如何基于ElasticsearchRetriever构建RAG系统

ElasticSearch以其文本快速检索闻名,是构建文档类知识库的首选。

这里尝试基于ElasticsearchRetriever,基于langchain,构建RAG知识库系统。

1 elasticsearch

1.1 elasticsearc

elasticsearch是一款分布式的RESTful搜索分析引擎,提供了一个支持多租户的分布式全文搜索引擎,具备HTTP网络接口和无模式JSON文档存储特性,支持关键词搜索、向量搜索、混合搜索及复杂过滤功能。

这里elasticsearch通过docker安装,安装命令如下

获取ES镜像并为ES创建docker网络

docker pull docker.elastic.co/elasticsearch/elasticsearch-wolfi:9.1.3

docker network create elastic

docker pull docker.elastic.co/elasticsearch/elasticsearch:9.1.3

启动ES

docker run --name es01 --net elastic -p 9200:9200 -it -m 1GB docker.elastic.co/elasticsearch/elasticsearch:9.1.3

具体过程参考

https://blog.csdn.net/liliang199/article/details/151581138

1.2 ElasticsearchRetriever

ElasticsearchRetriever是一个基于langchain的通用封装器,可通过Query DSL灵活访问Elasticsearch的所有功能。在大多数使用场景中,其他类(如ElasticsearchStore、ElasticsearchEmbeddings等)已能满足需求,但若遇到特殊需求时,则可选用ElasticsearchRetriever。

如需了解ElasticsearchRetriever全部功能与配置的详细说明,请参阅API参考文档

https://python.langchain.com/docs/integrations/retrievers/elasticsearch_retriever/

2 langchain

3.1 langchain

这里基于langchain集成elasticsearch,所以需要准备langchain环境,安装代码如下所示。

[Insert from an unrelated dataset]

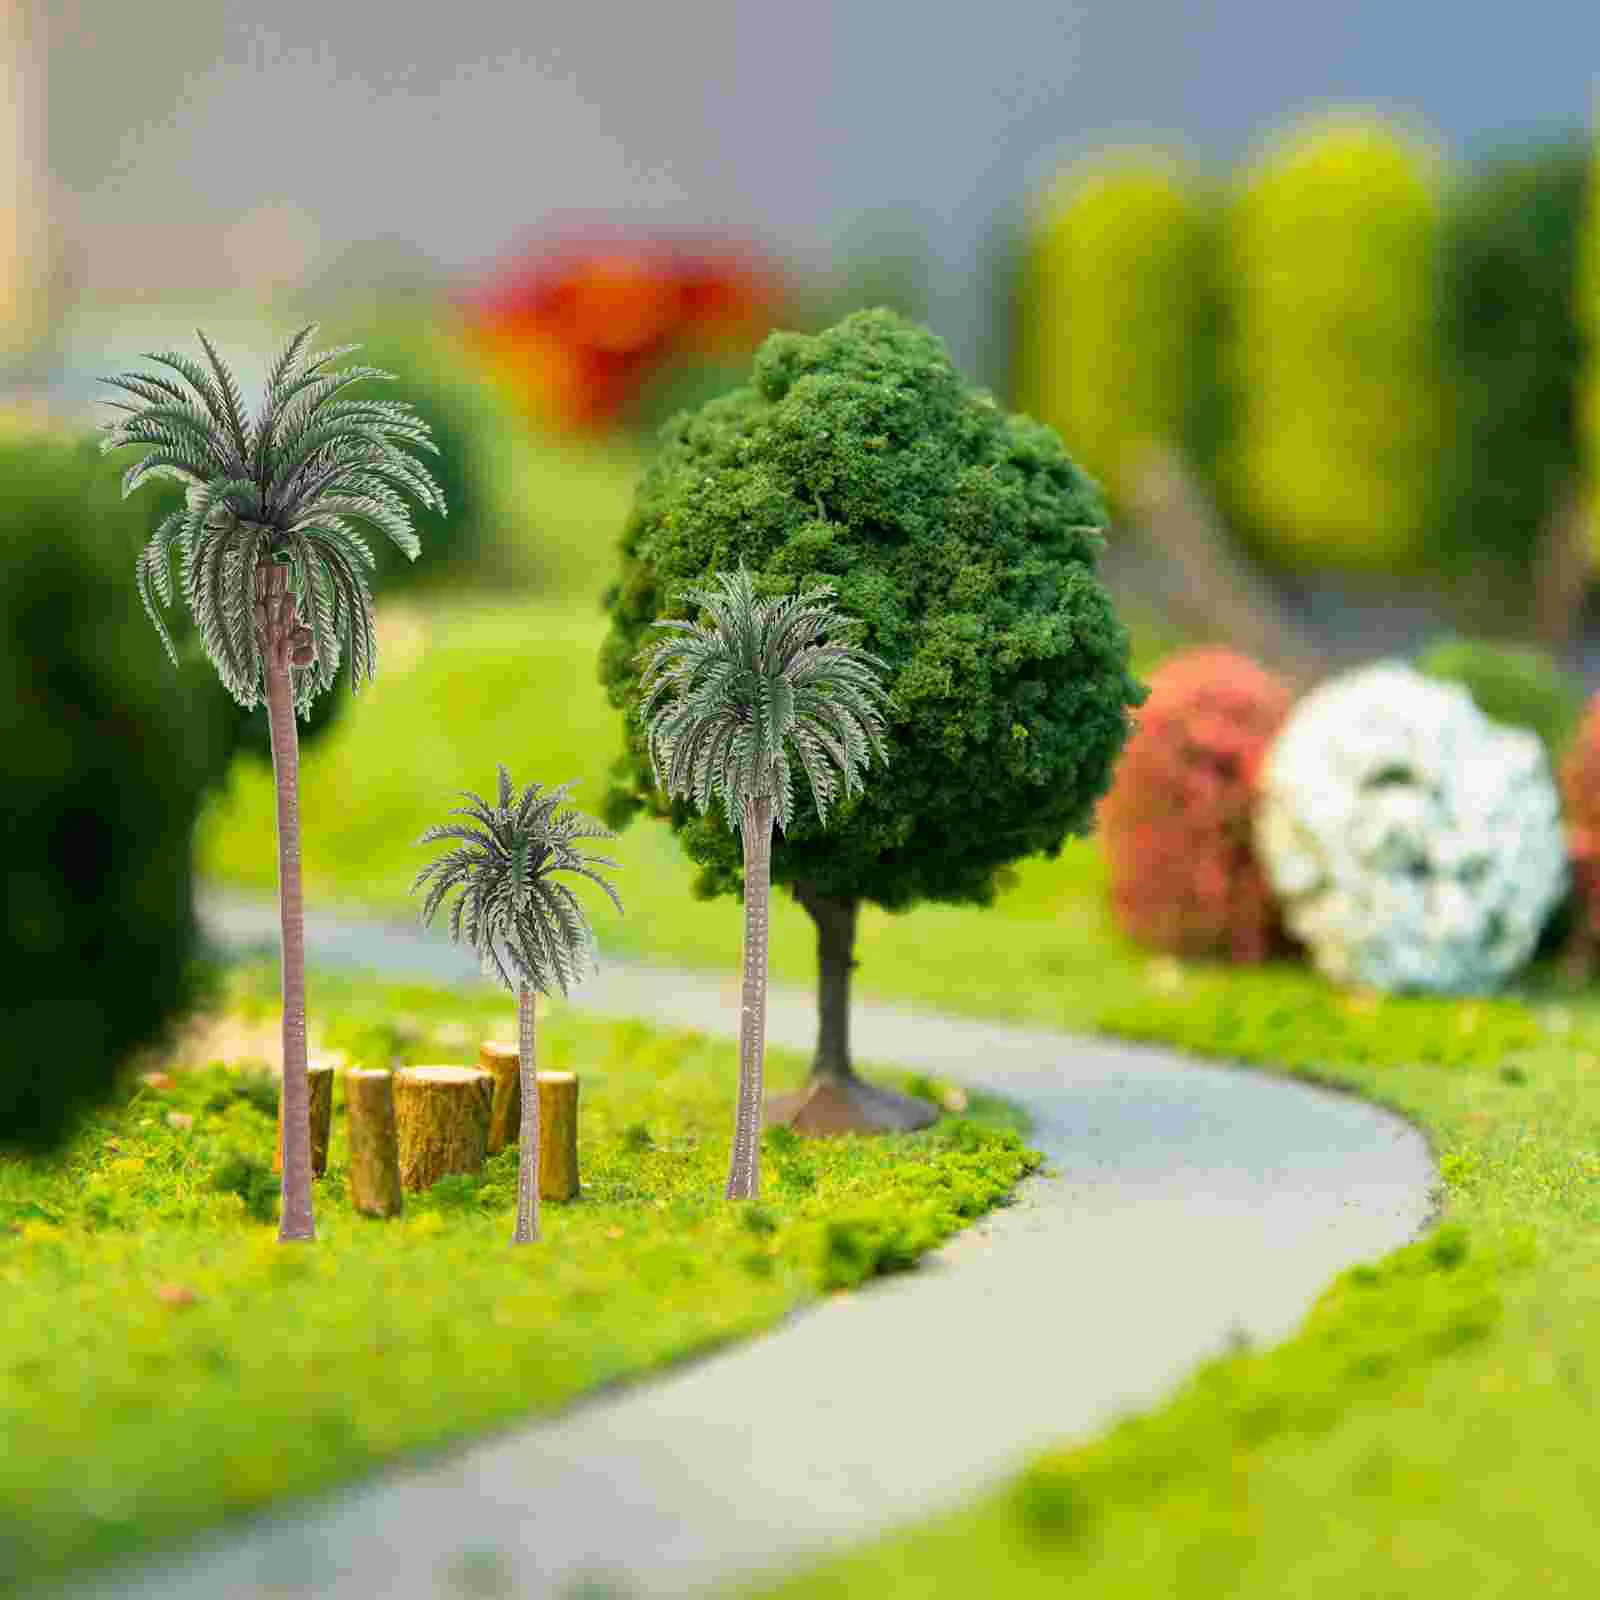 

Tree Model Trees Palm Landscape Train Scenery Mini Artificial Miniature Fake Architecture Diorama Models Figures Green Figurines
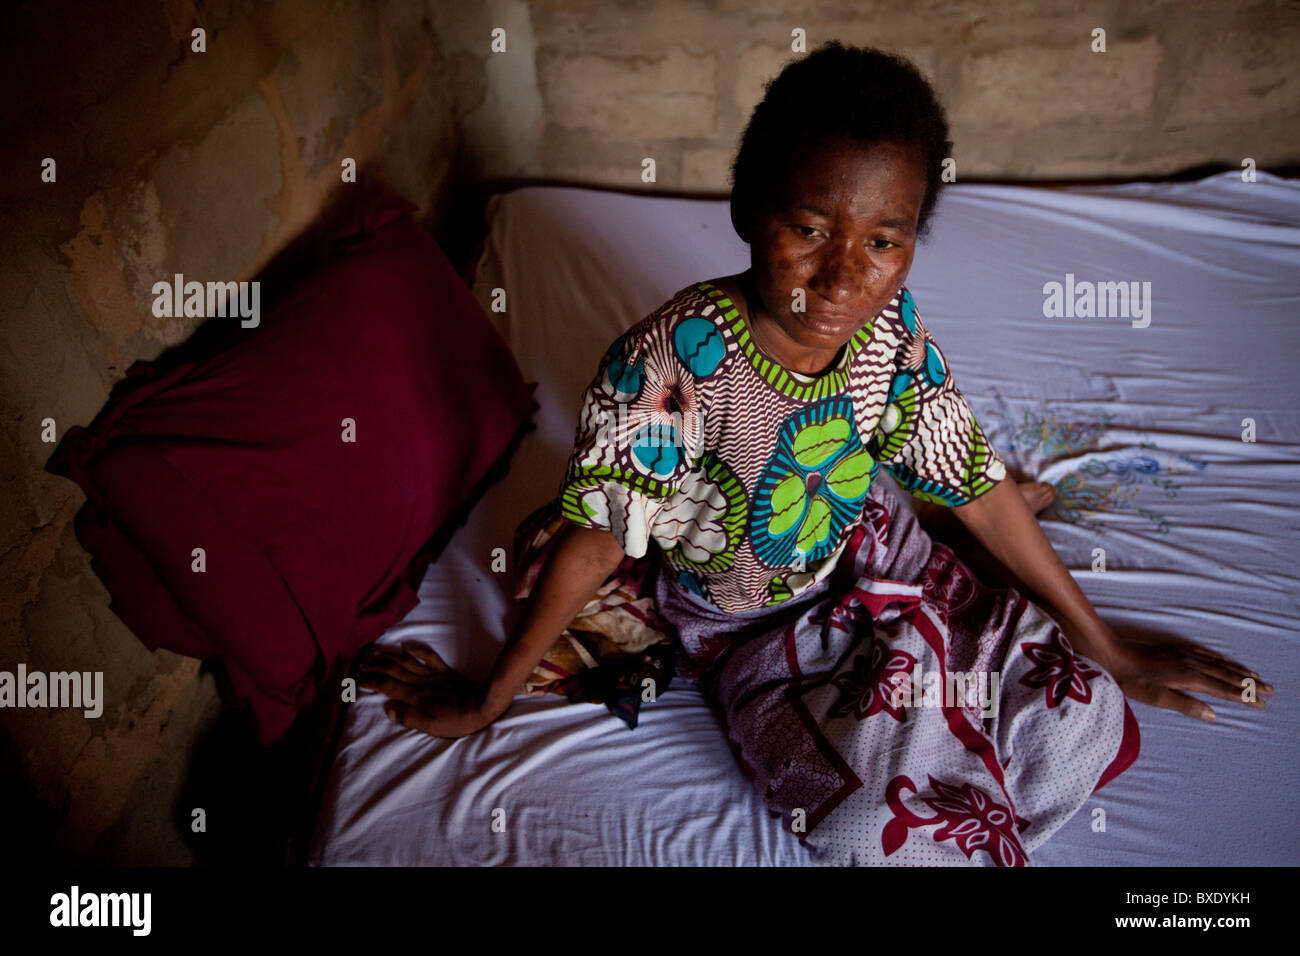 Frau Asha Mahammed (38), eine Frau Tuberkulosekranke, sitzt in ihrem Bett in Dar Es Salaam, Tansania, Ostafrika. Stockfoto

pip install -qU langchain-community langchain-elasticsearch -i https://pypi.tuna.tsinghua.edu.cn/simple

pip install -qU langchain-openai -i https://pypi.tuna.tsinghua.edu.cn/simple

3.2 大模型配置

这里沿用langchain的使用习惯,使用OpenAI接口兼容的deepseek-r1大模型,具体为通过OneAPI中转调用Deepseek R1大模型。

实现过程参考

https://blog.csdn.net/liliang199/article/details/151393128

代码示例如下

复制代码
import os
os.environ['OPENAI_API_KEY'] = "sk-xxxxxxxx" # LLM模型令牌
os.environ['OPENAI_BASE_URL'] = "http://llm_model_provider_url" # LLM模型部署地址 

...

llm = ChatOpenAI(model="deepseek-r1")

3 测试验证

这里先验证ES的连接、数据导入、查询,然后通过ElasticsearchRetriever将es集成到langchain中,构建真实可运行的RAG系统。

3.1 ES连接

es_url表示ES的部署地址,passwd表示ES中elastic用户的密码。

ssl_context则表示es提供服务的证书,获取方式参考如下链接

https://blog.csdn.net/liliang199/article/details/151586083

因为使用OpenAI接口兼容的LLM模型,所以还需要配置令牌api_key和模型部署地址base_url。

示例代码如下

复制代码
import os
os.environ['OPENAI_API_KEY'] = "sk-xxxxxxxx" # LLM模型令牌
os.environ['OPENAI_BASE_URL'] = "http://llm_model_provider_url" # LLM模型部署地址 

import ssl
from typing import Any, Dict, Iterable

from elasticsearch import Elasticsearch
from elasticsearch.helpers import bulk
from langchain_community.embeddings import DeterministicFakeEmbedding
from langchain_core.documents import Document
from langchain_core.embeddings import Embeddings
from langchain_elasticsearch import ElasticsearchRetriever

ssl_context = ssl.create_default_context(cafile='./http_ca.crt') # ES证书
es_url = "https://localhost:9200" # ES部署地址
passwd = "the passwd of the user elastic" # elastic用户的密码

es_client = Elasticsearch(hosts=[es_url],  basic_auth=('elastic', passwd), ssl_context=ssl_context)
es_client.info()

输出如下,说明ES连接成功。

ObjectApiResponse({'name': 'xxxx', 'cluster_name': 'docker-cluster', 'cluster_uuid': 'xxxxxx, ..., 'tagline': 'You Know, for Search'})

3.2 数据导入

这里虚构7条测试数据texts = ["foo", "bar", "world", "hello world", "hello", "foo bar", "bla bla foo"]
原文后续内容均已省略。